### What you should do:
Below are the entries. Print only the lines starting at the one with "Sensodyne Rapid Relief" and ending at the one with "创意手绘纽约城市建筑群", exactly, with no pictures.

### Records provided:
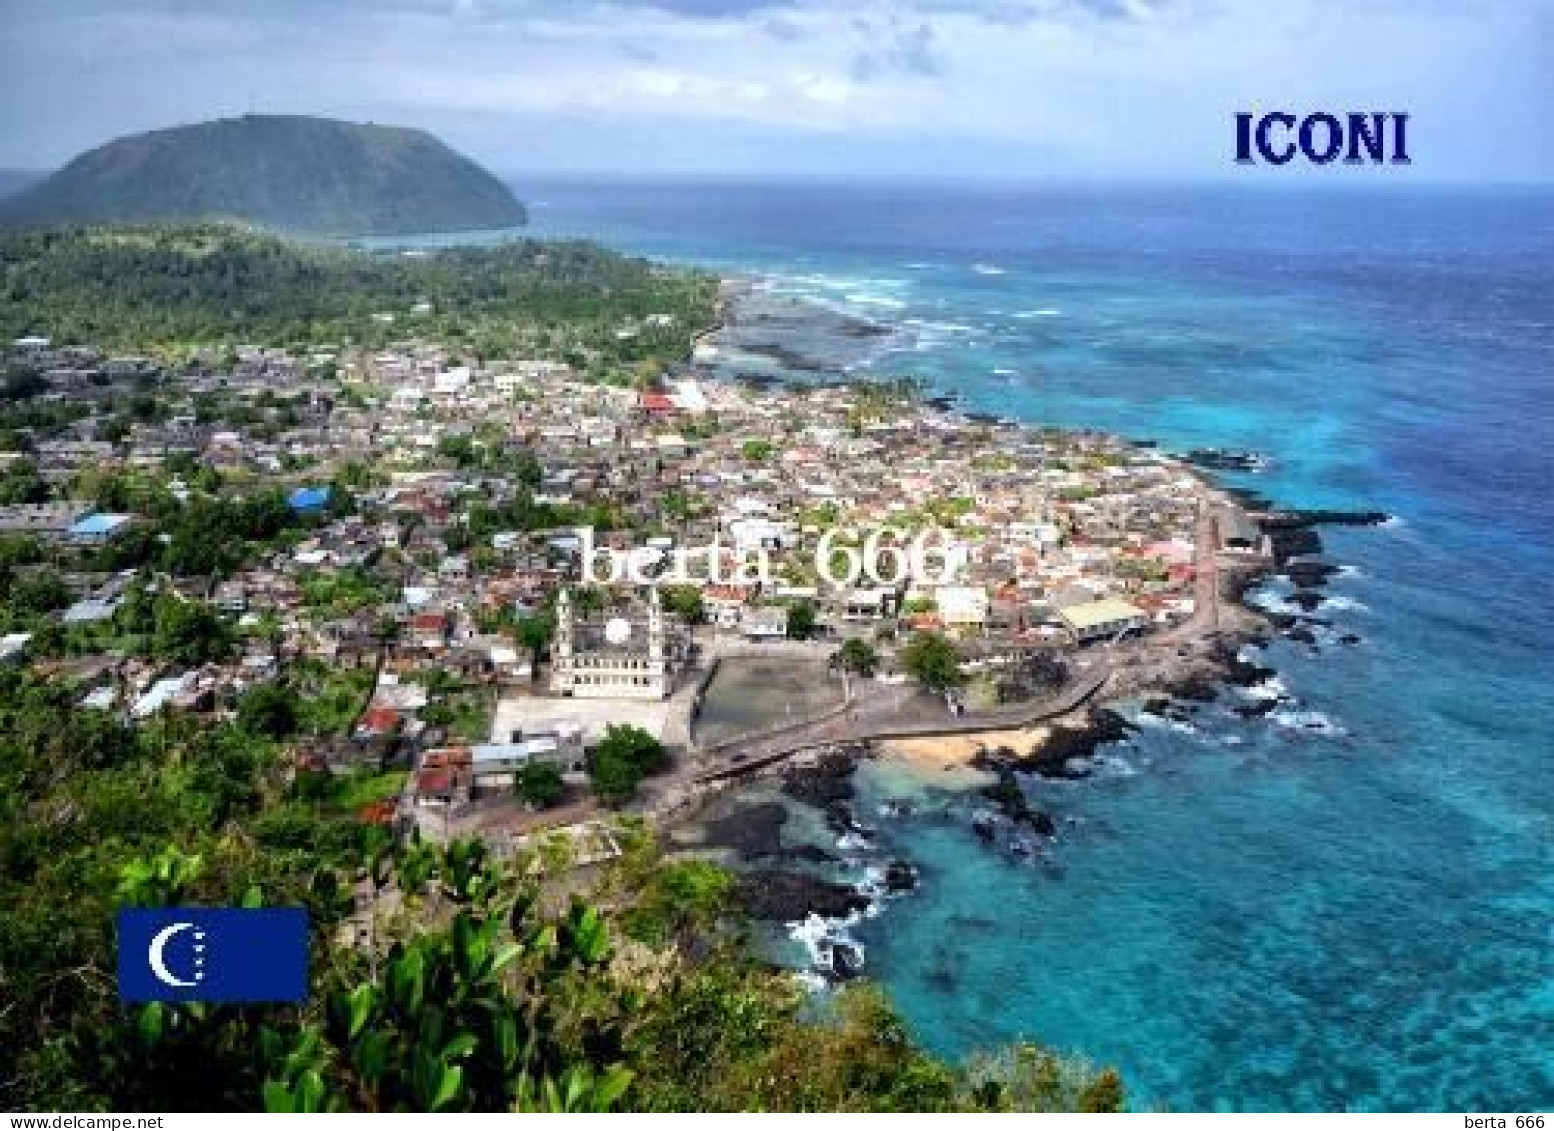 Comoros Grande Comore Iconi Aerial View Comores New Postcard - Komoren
...
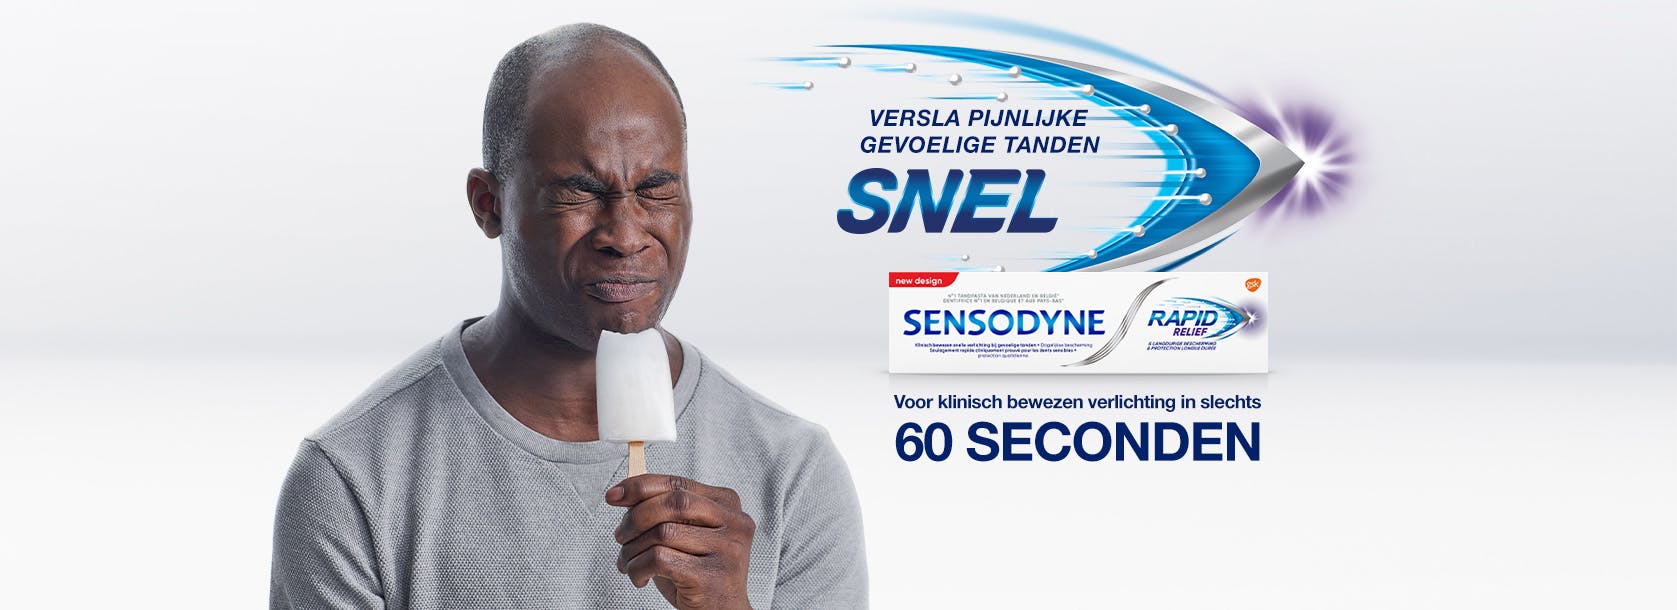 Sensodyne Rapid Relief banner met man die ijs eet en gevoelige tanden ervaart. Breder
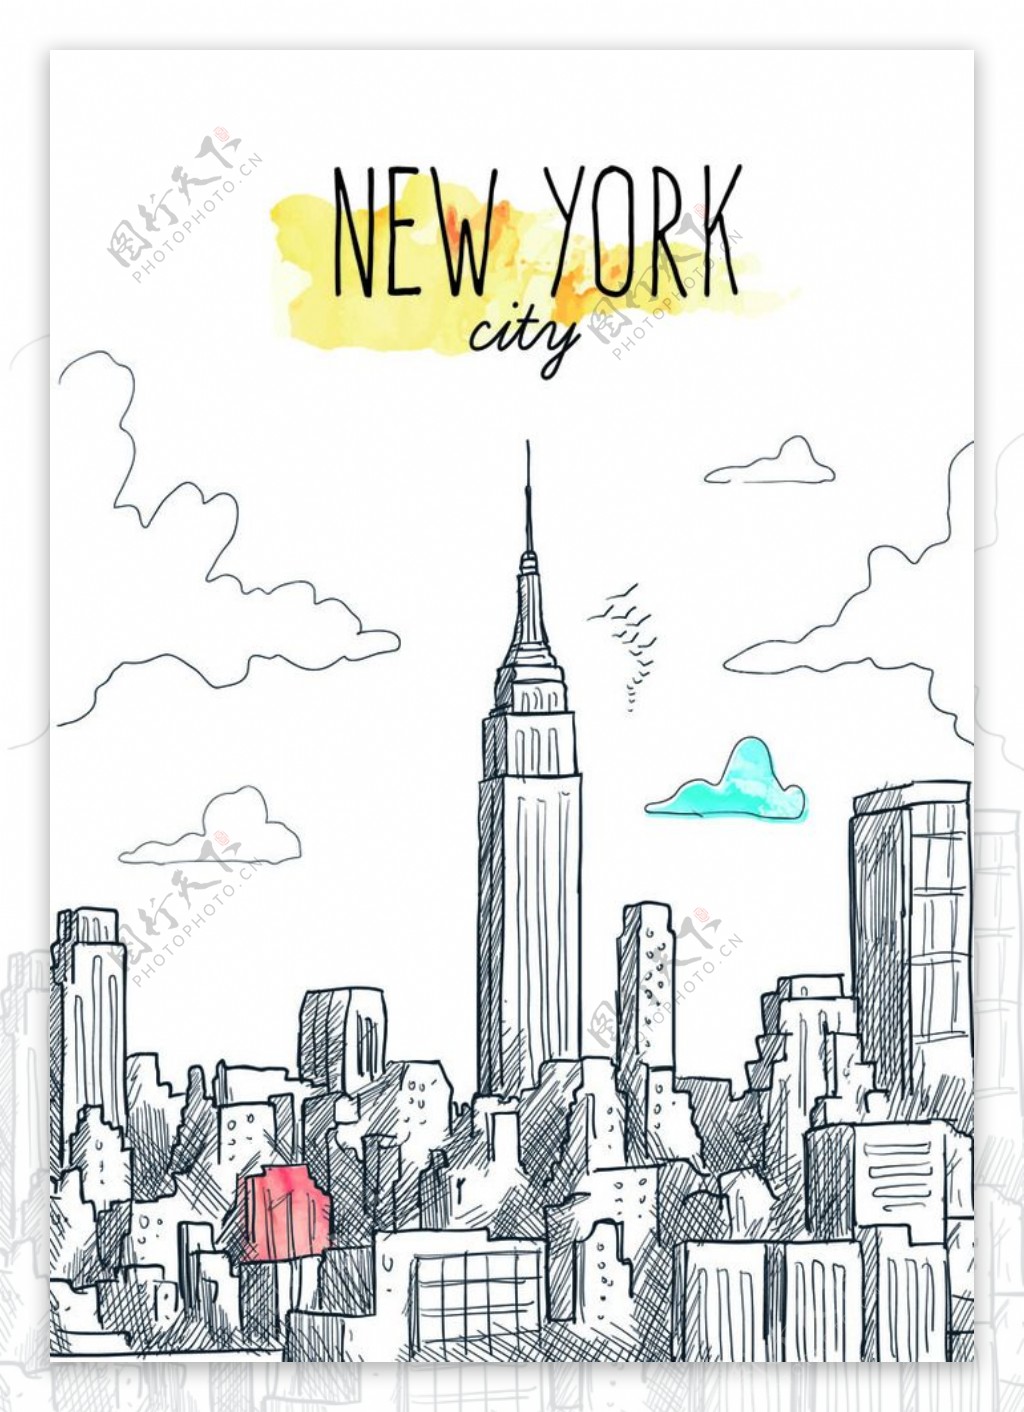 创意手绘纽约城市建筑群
---
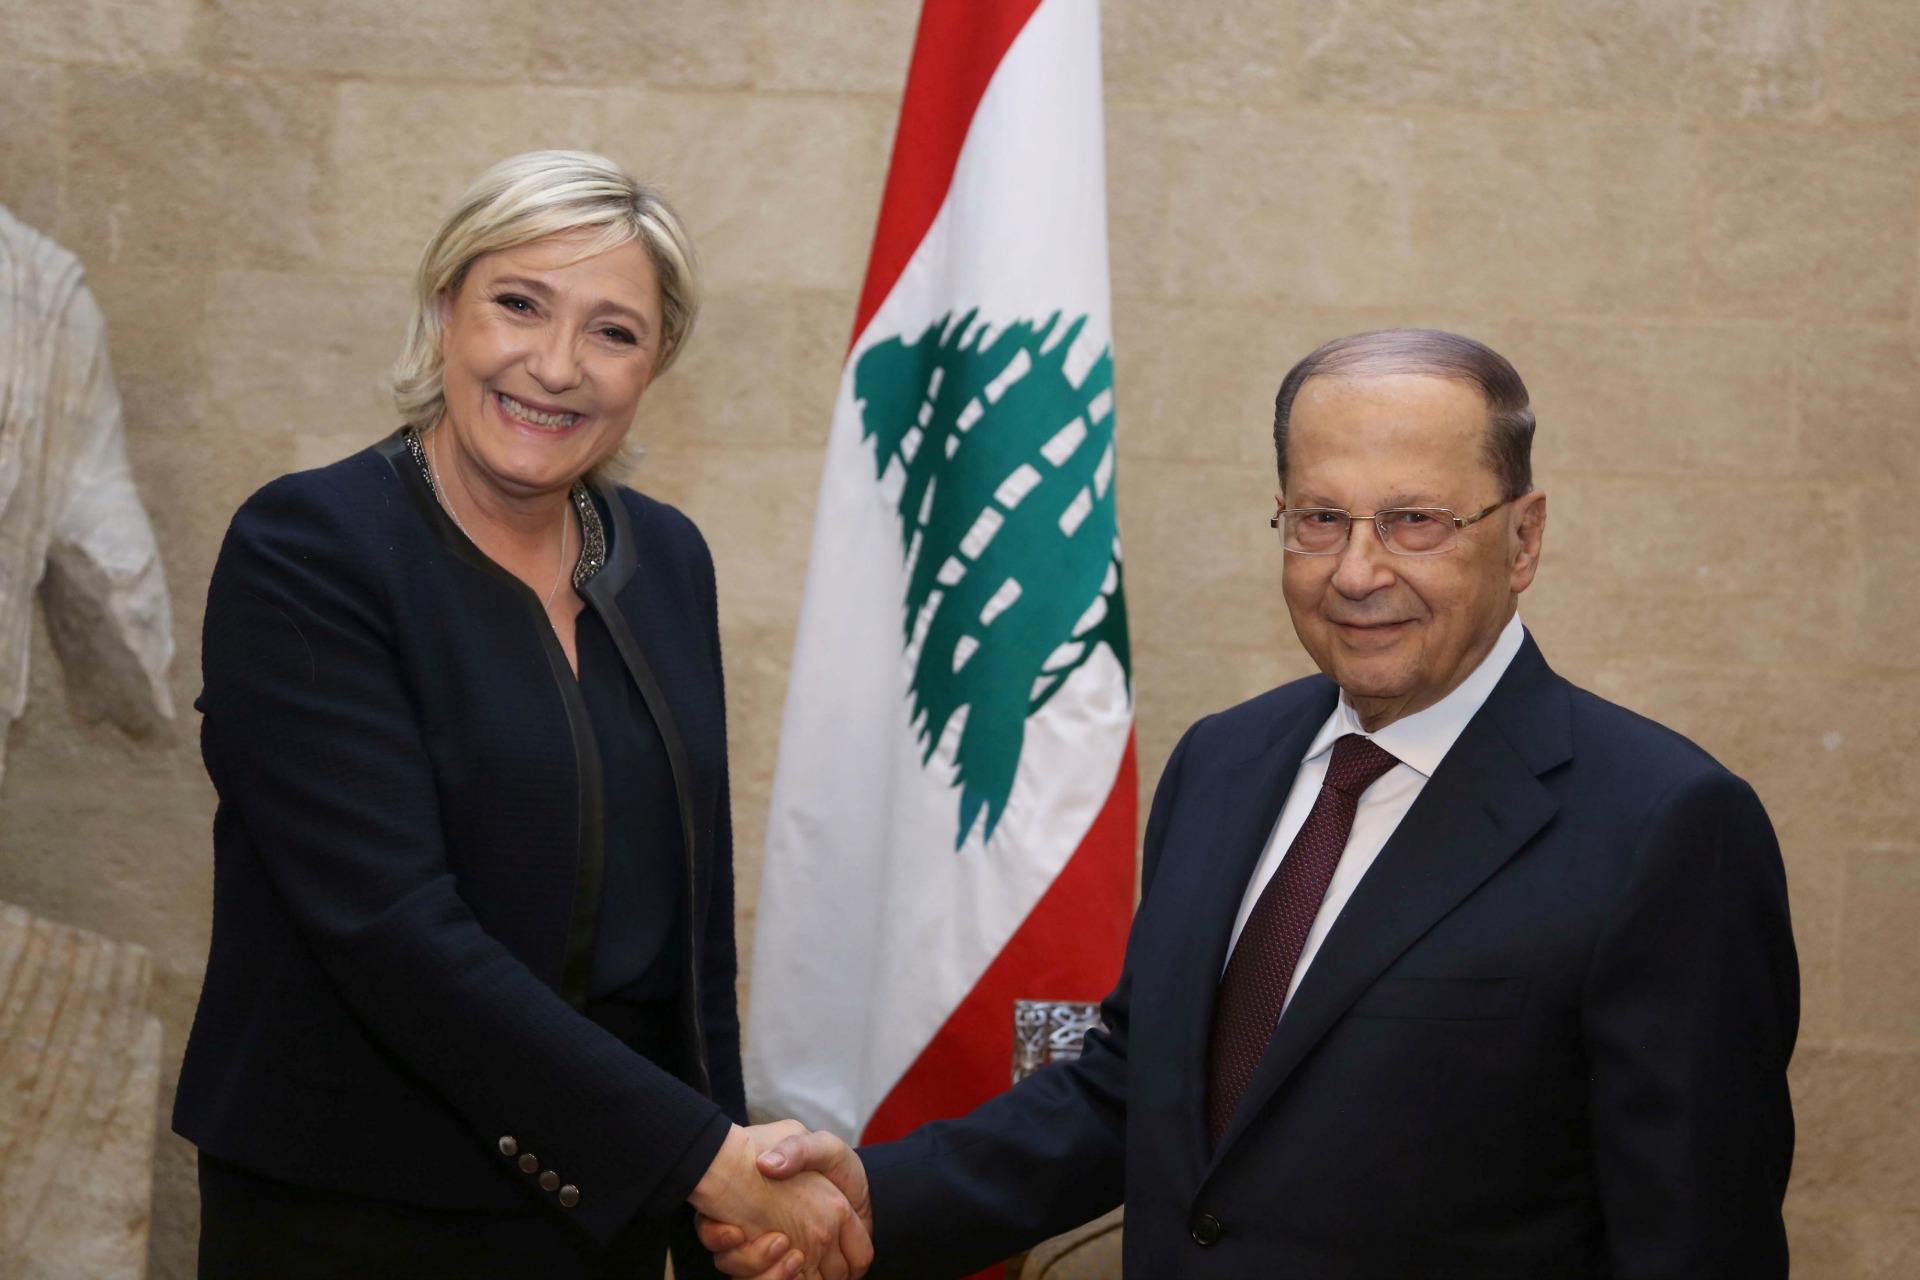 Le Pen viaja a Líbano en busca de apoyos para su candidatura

### Answer space:
 Sensodyne Rapid Relief banner met man die ijs eet en gevoelige tanden ervaart. Breder
 创意手绘纽约城市建筑群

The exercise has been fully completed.